Task details - Your task is to transcribe the data exactly while omitting each picture.

Collected data -
--- START ---

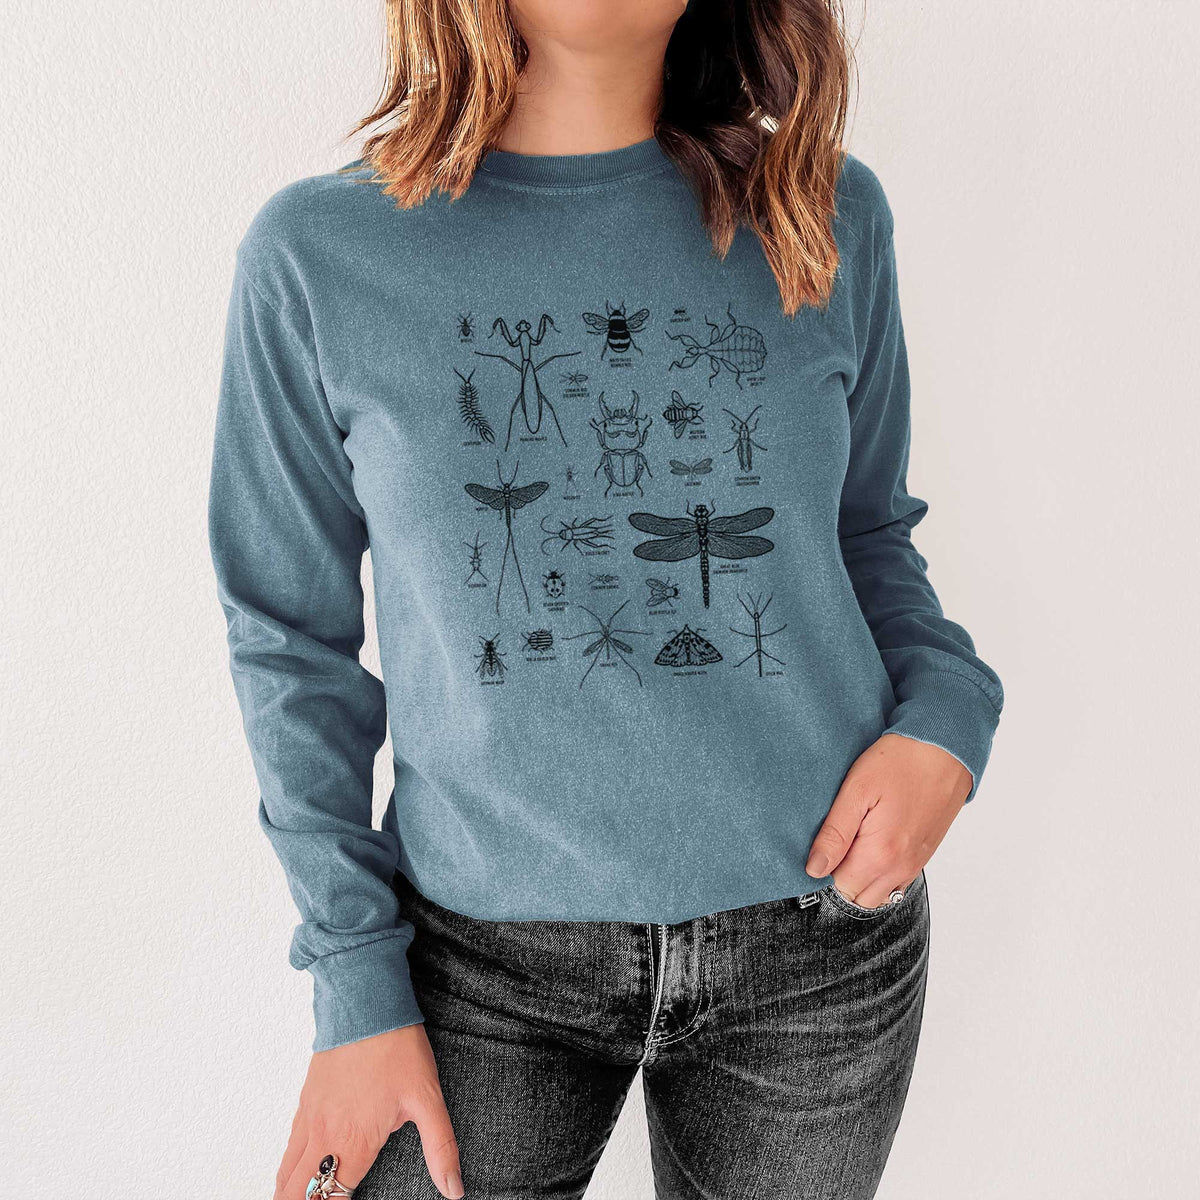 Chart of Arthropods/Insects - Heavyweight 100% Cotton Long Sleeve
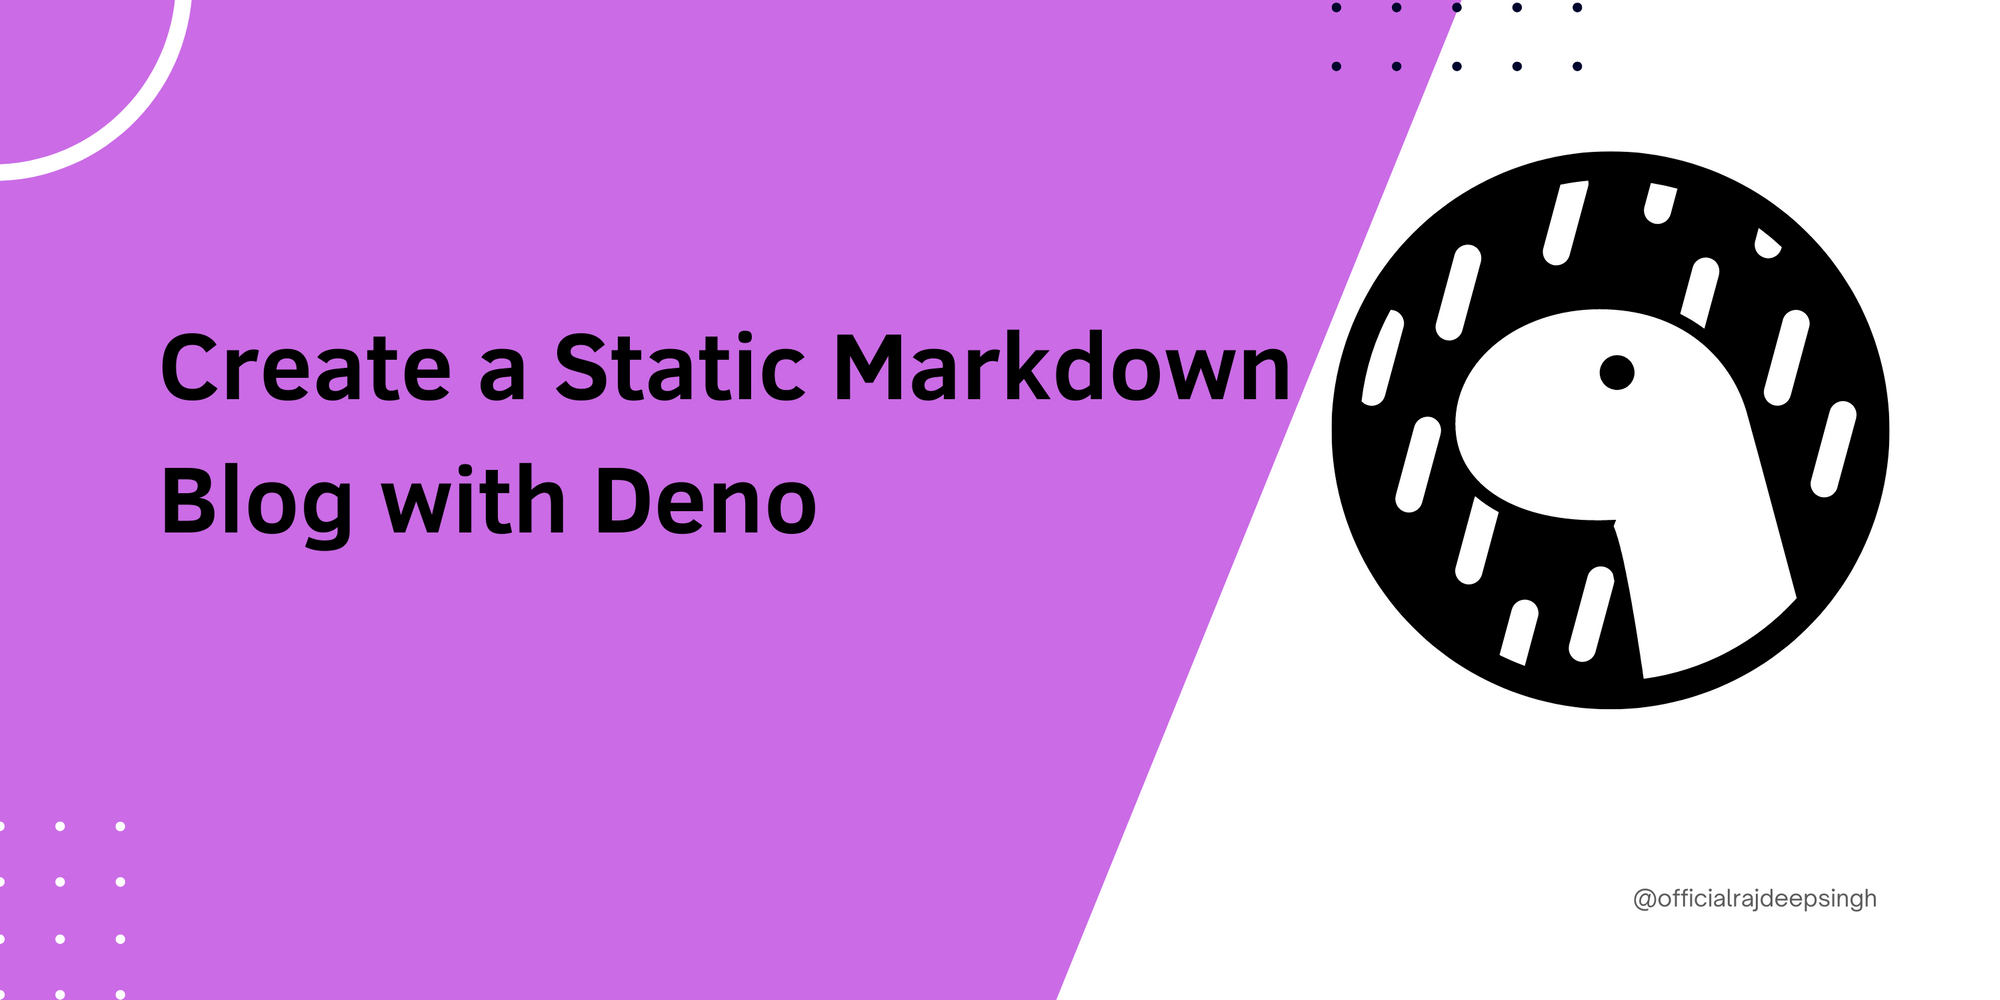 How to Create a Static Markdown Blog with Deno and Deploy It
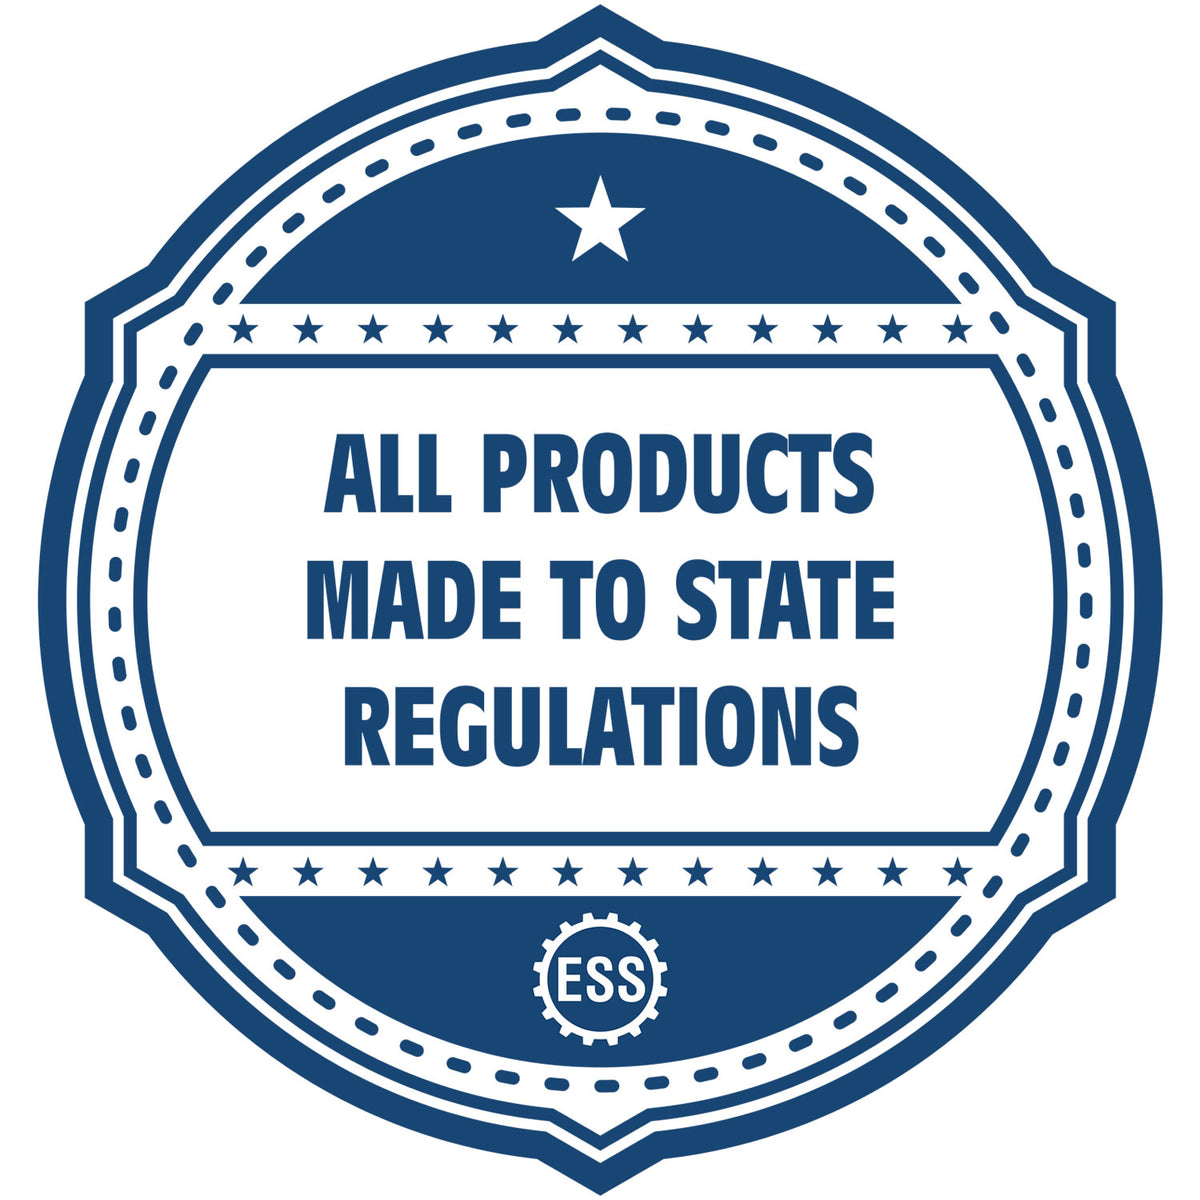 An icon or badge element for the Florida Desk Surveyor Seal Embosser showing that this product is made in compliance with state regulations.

--- END ---

Response for this exercise -
 Chart of Arthropods/Insects - Heavyweight 100% Cotton Long Sleeve
 How to Create a Static Markdown Blog with Deno and Deploy It
 An icon or badge element for the Florida Desk Surveyor Seal Embosser showing that this product is made in compliance with state regulations.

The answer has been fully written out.